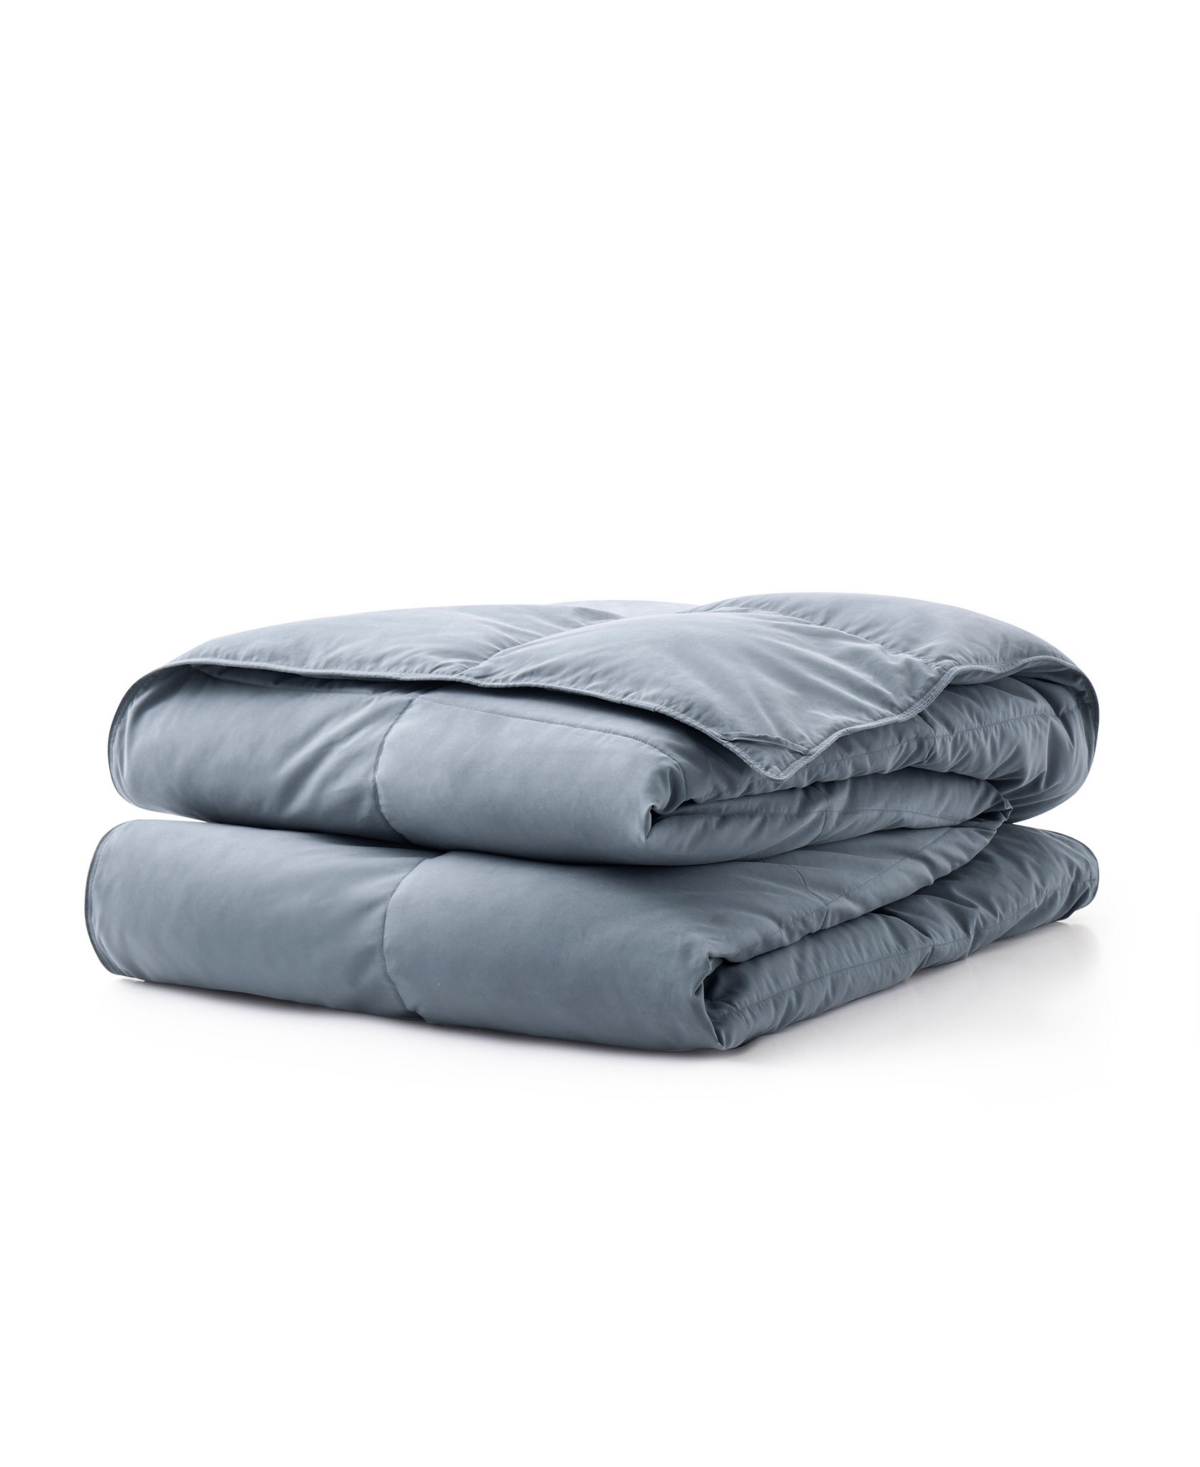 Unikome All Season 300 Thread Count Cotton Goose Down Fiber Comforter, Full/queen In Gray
* * *
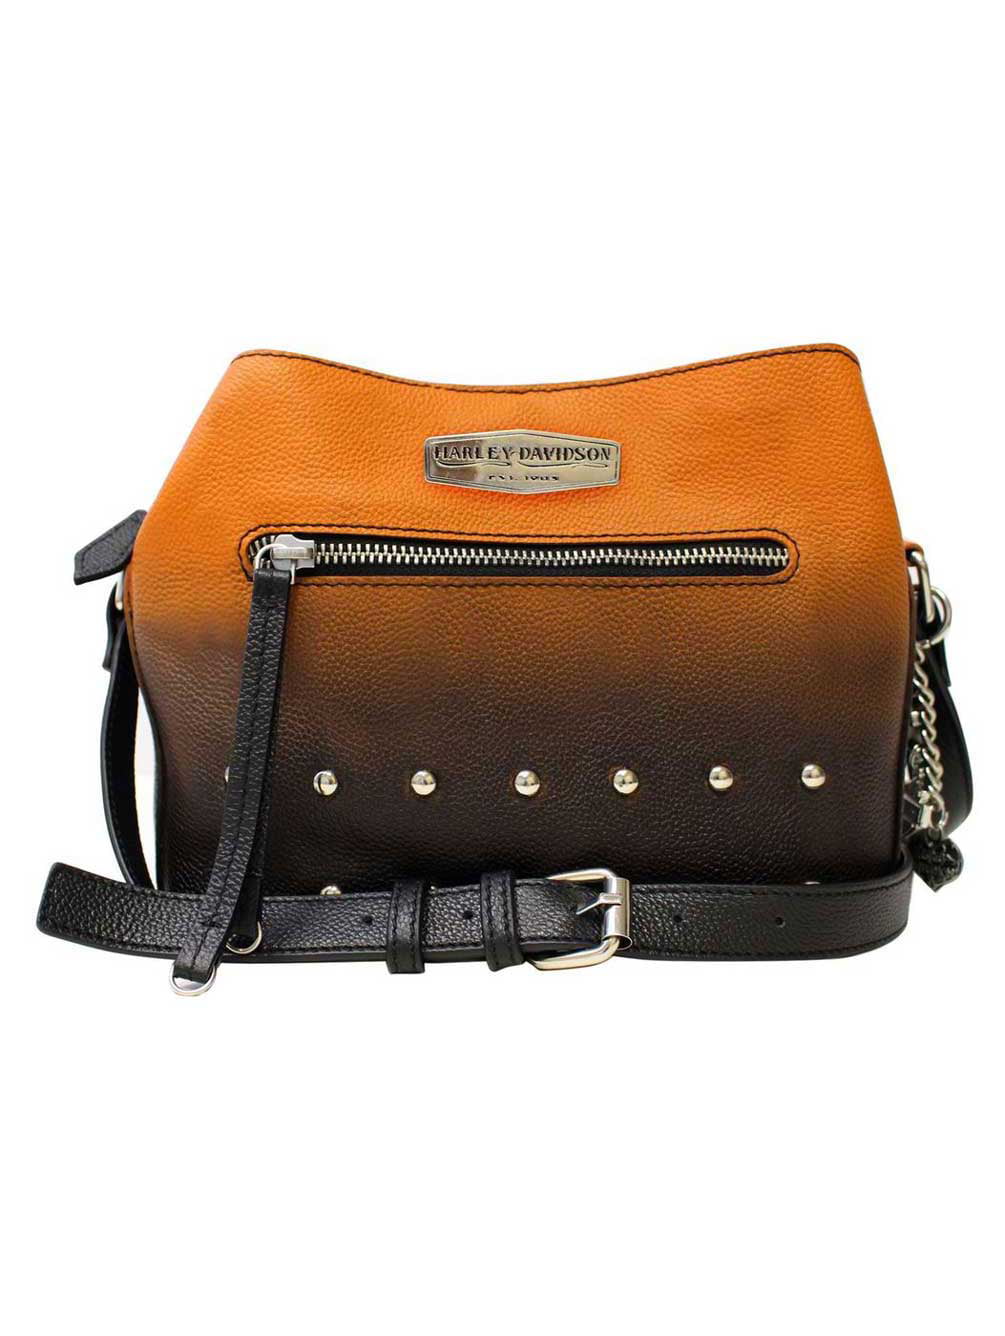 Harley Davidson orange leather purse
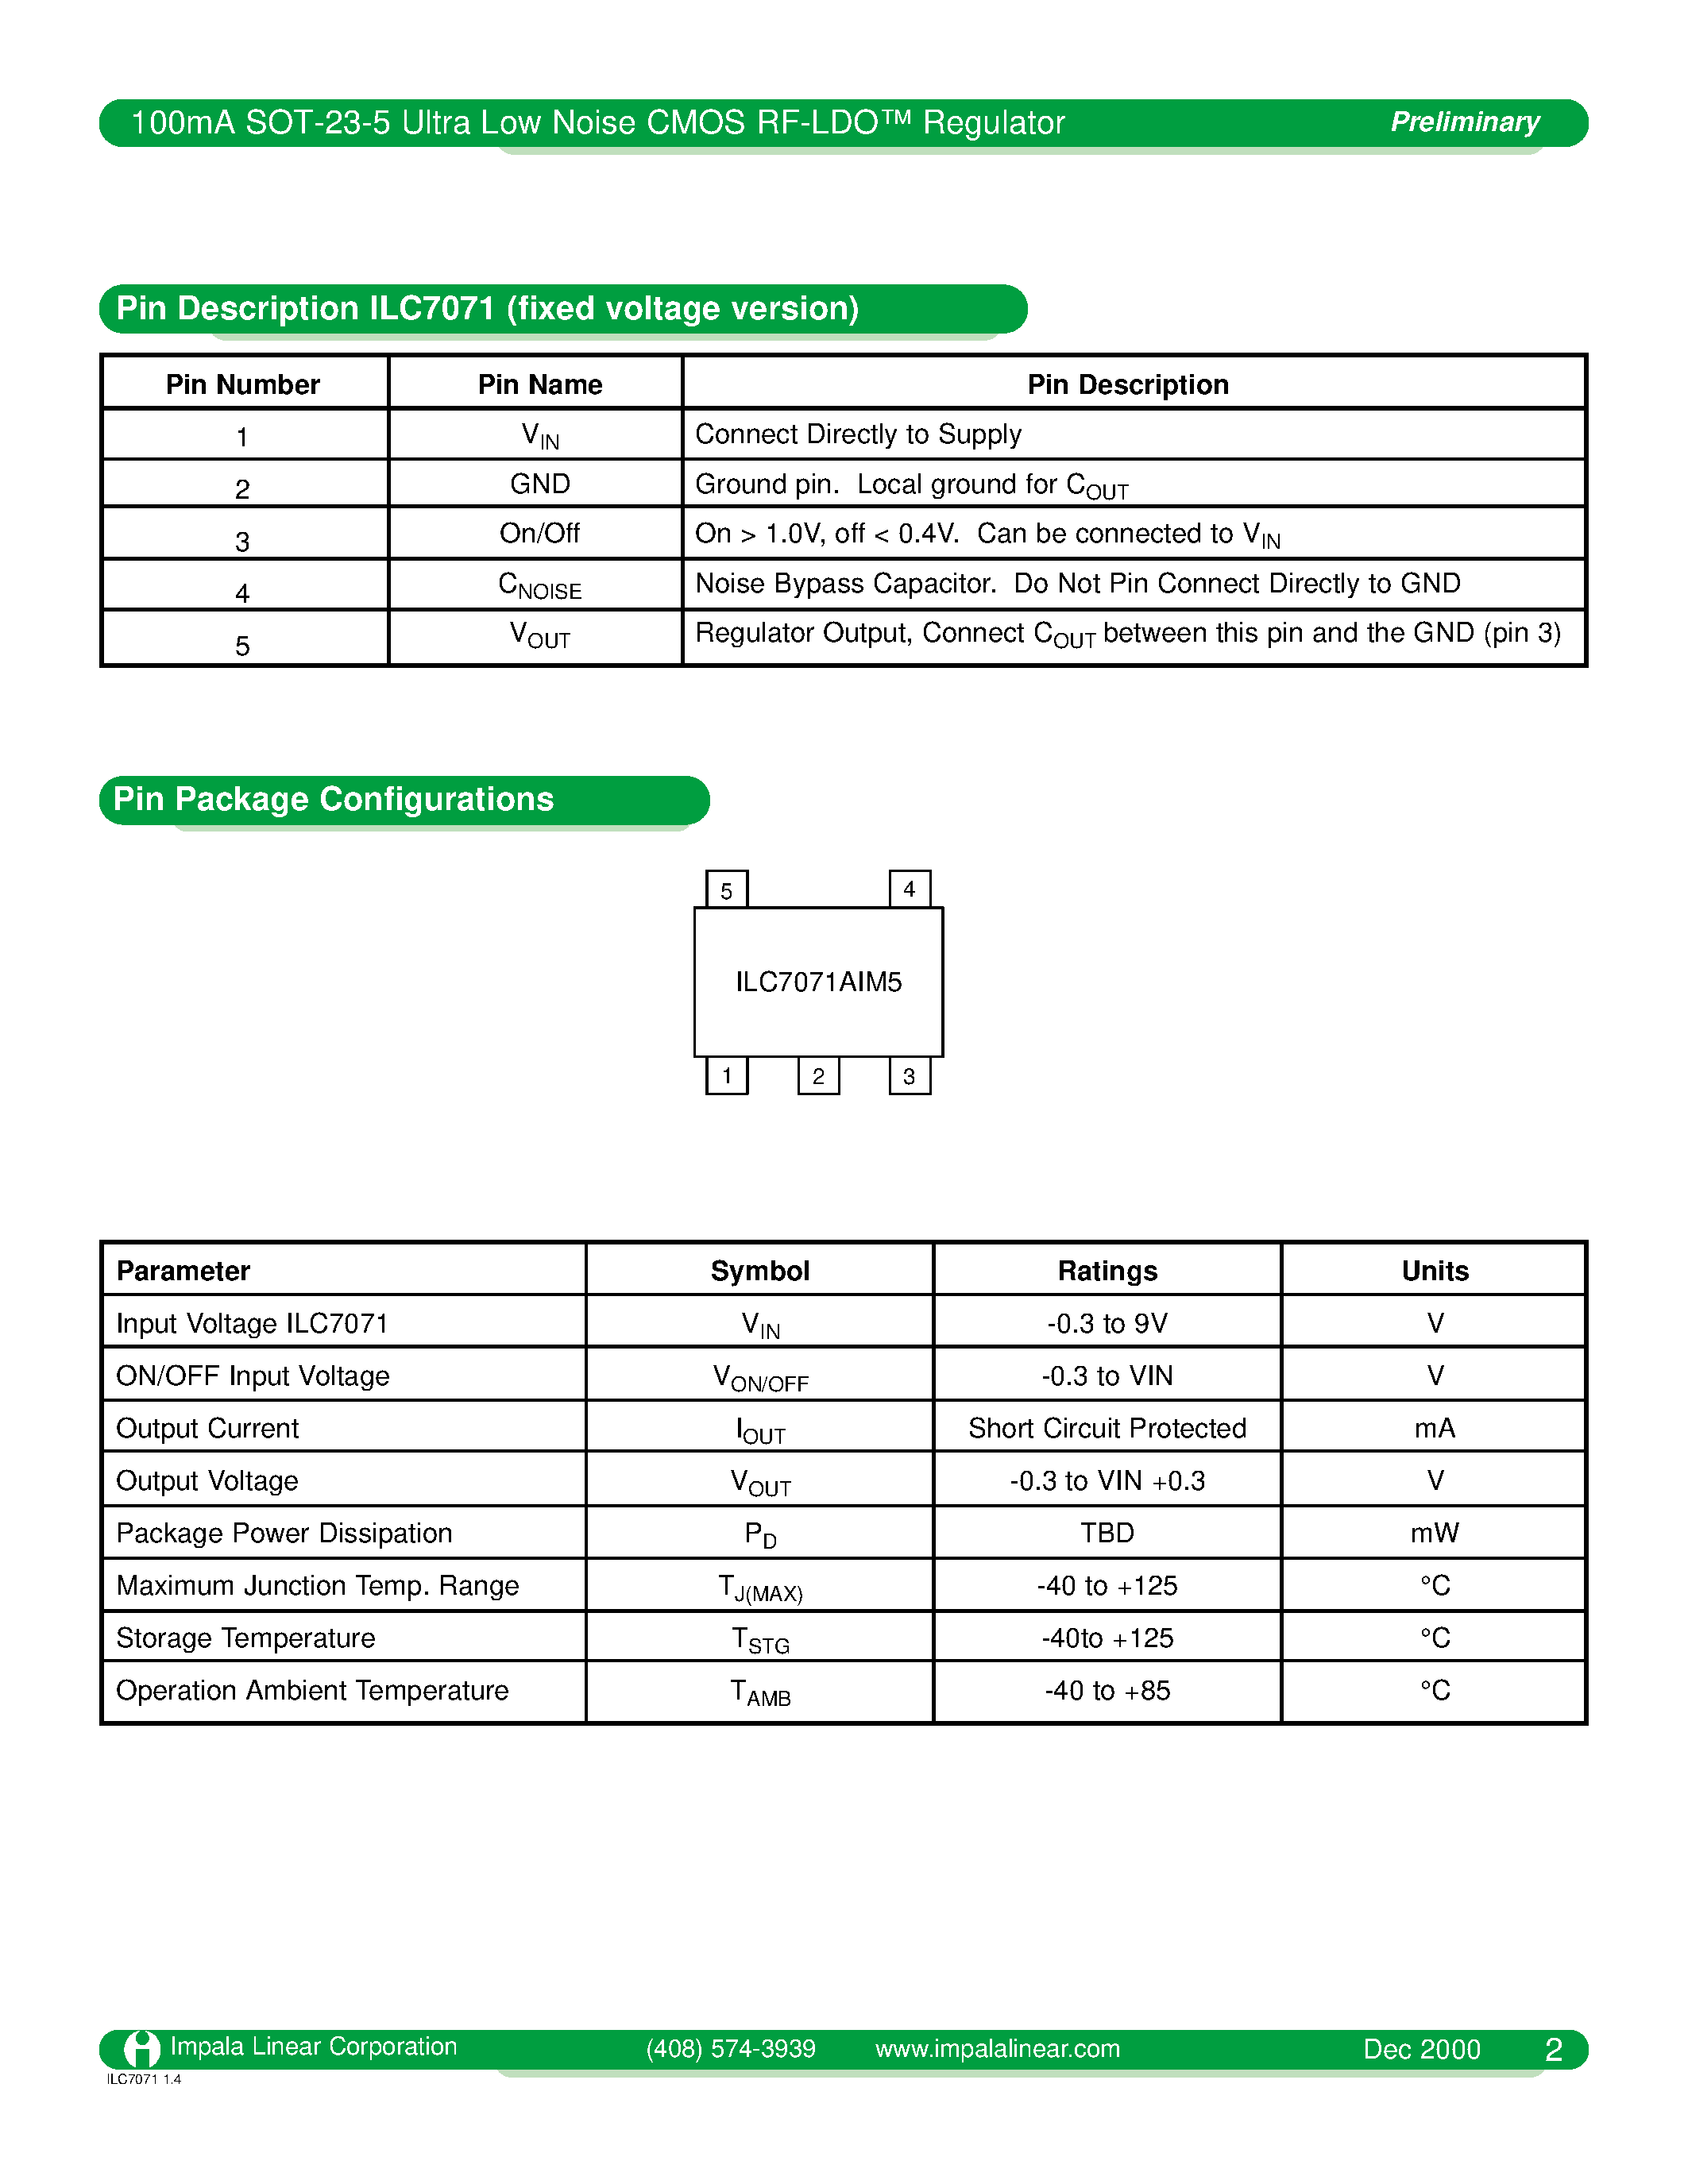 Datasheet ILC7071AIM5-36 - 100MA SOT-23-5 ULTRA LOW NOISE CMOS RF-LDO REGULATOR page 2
...
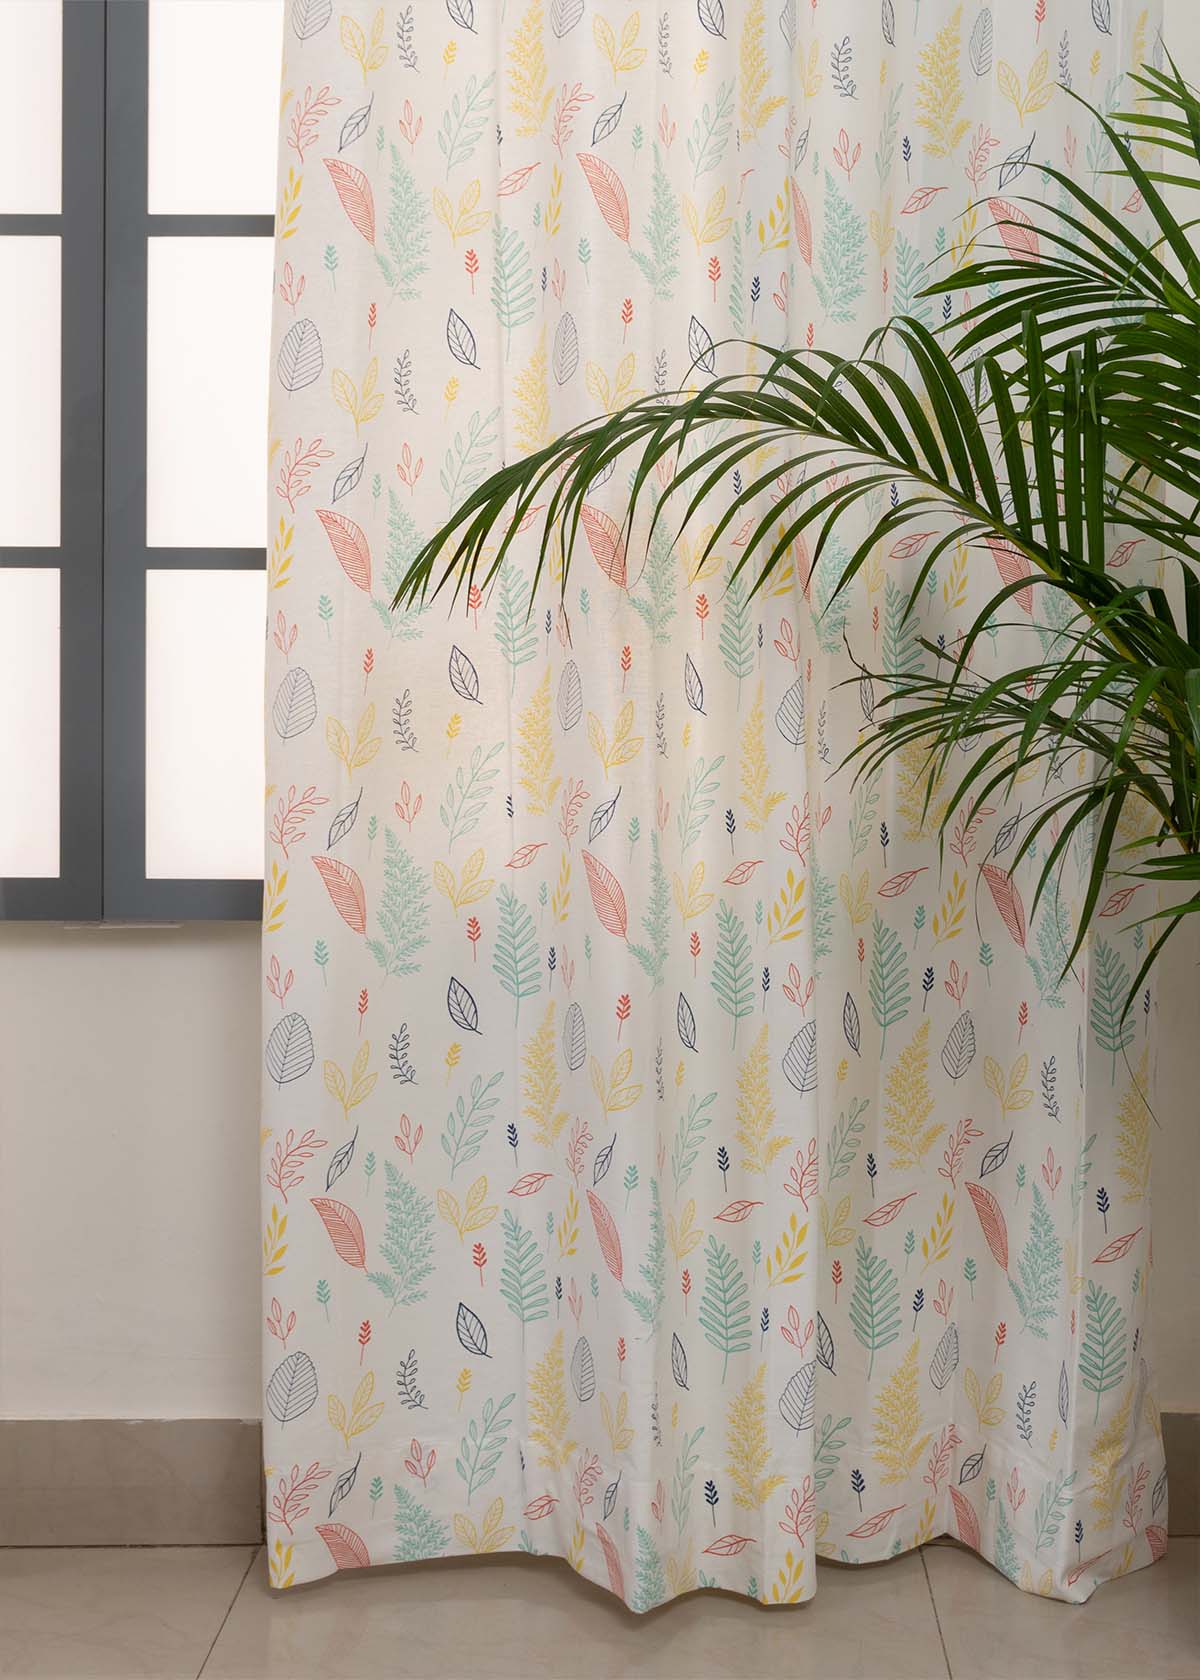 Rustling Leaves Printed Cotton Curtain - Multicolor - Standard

# Required action
Give again, exactly as written above, every line from the one holding "Harley Davidson orange leather purse" to the one holding "Datasheet ILC7071AIM5-36 - 100MA", with both ends kept and the pictures left out.

# Answer space
 Harley Davidson orange leather purse
 Datasheet ILC7071AIM5-36 - 100MA SOT-23-5 ULTRA LOW NOISE CMOS RF-LDO REGULATOR page 2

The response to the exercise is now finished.